Task instructions: Please output exactly the lines below, starting at the line that has "Wise Woman Herbals" and ending at the line that has "Phuong's Nursery & Home Decor", both included; leave out all pictures and include nothing else.

Supplied information:
□ □ □ □ □ □ □

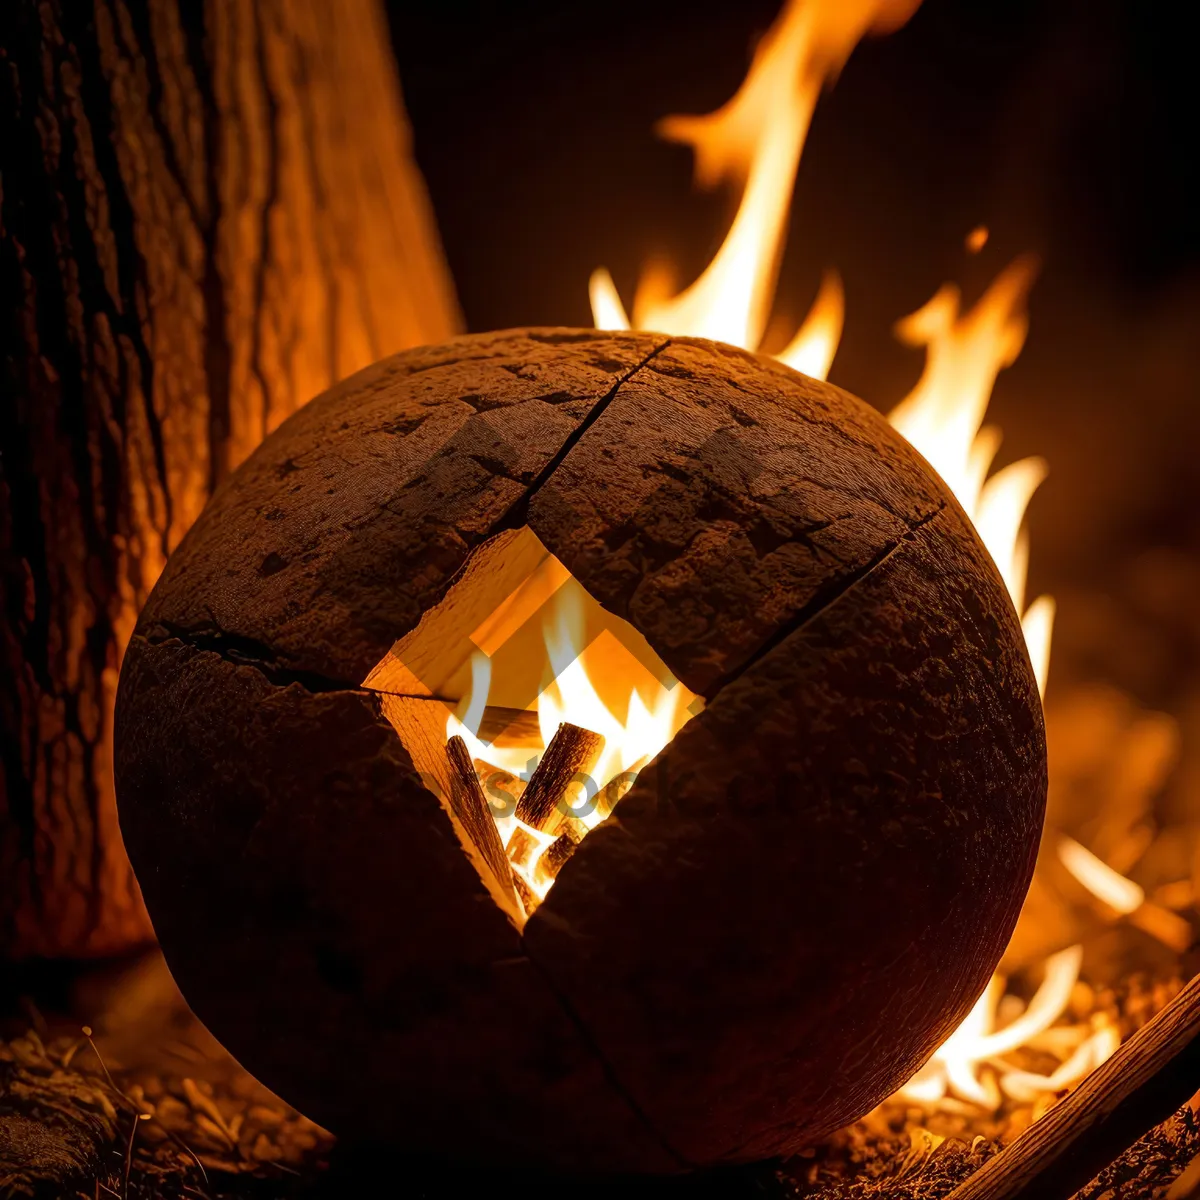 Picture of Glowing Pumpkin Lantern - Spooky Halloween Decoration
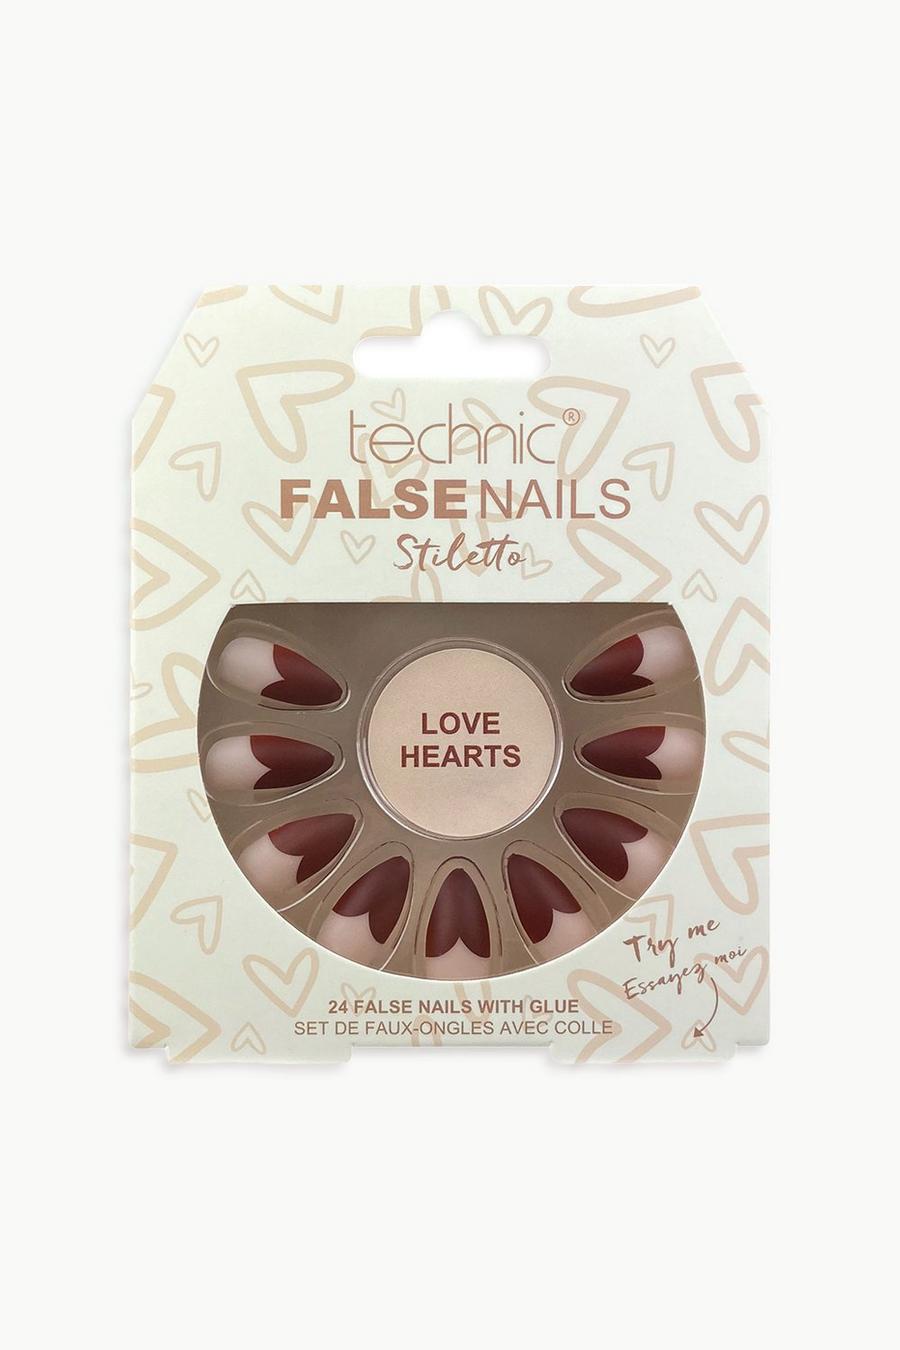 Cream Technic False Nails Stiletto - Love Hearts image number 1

□ □ □ □ □ □ □

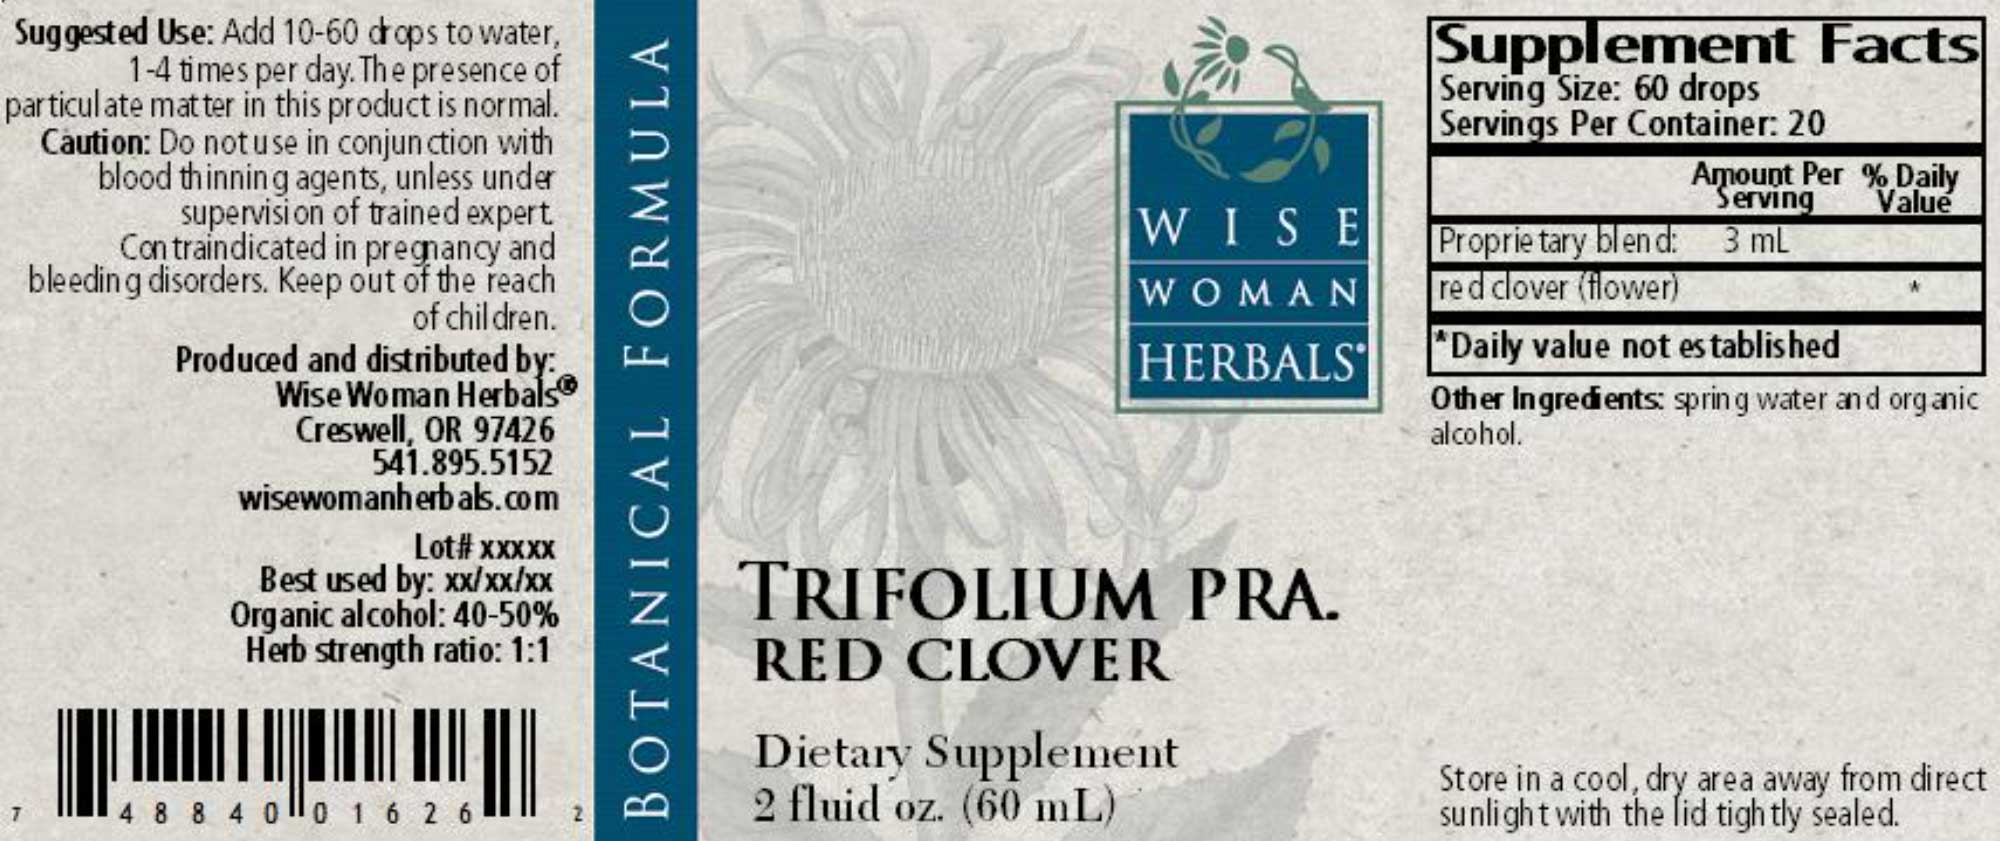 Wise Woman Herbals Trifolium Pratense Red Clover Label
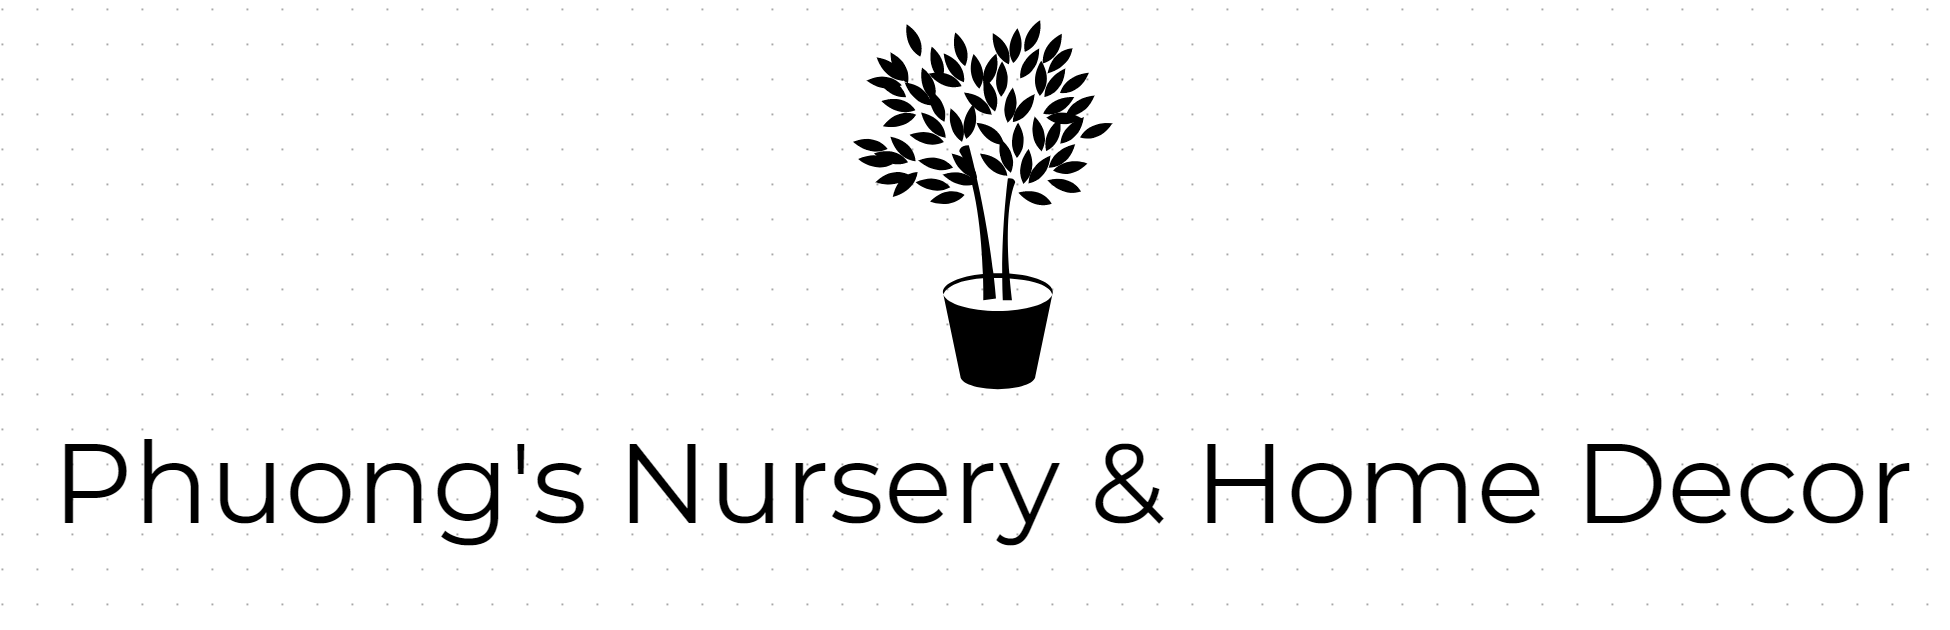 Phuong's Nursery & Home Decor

□ □ □ □ □ □ □

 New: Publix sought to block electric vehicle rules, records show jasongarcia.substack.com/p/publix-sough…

□ □ □ □ □ □ □

Exercise response:
 Wise Woman Herbals Trifolium Pratense Red Clover Label
 Phuong's Nursery & Home Decor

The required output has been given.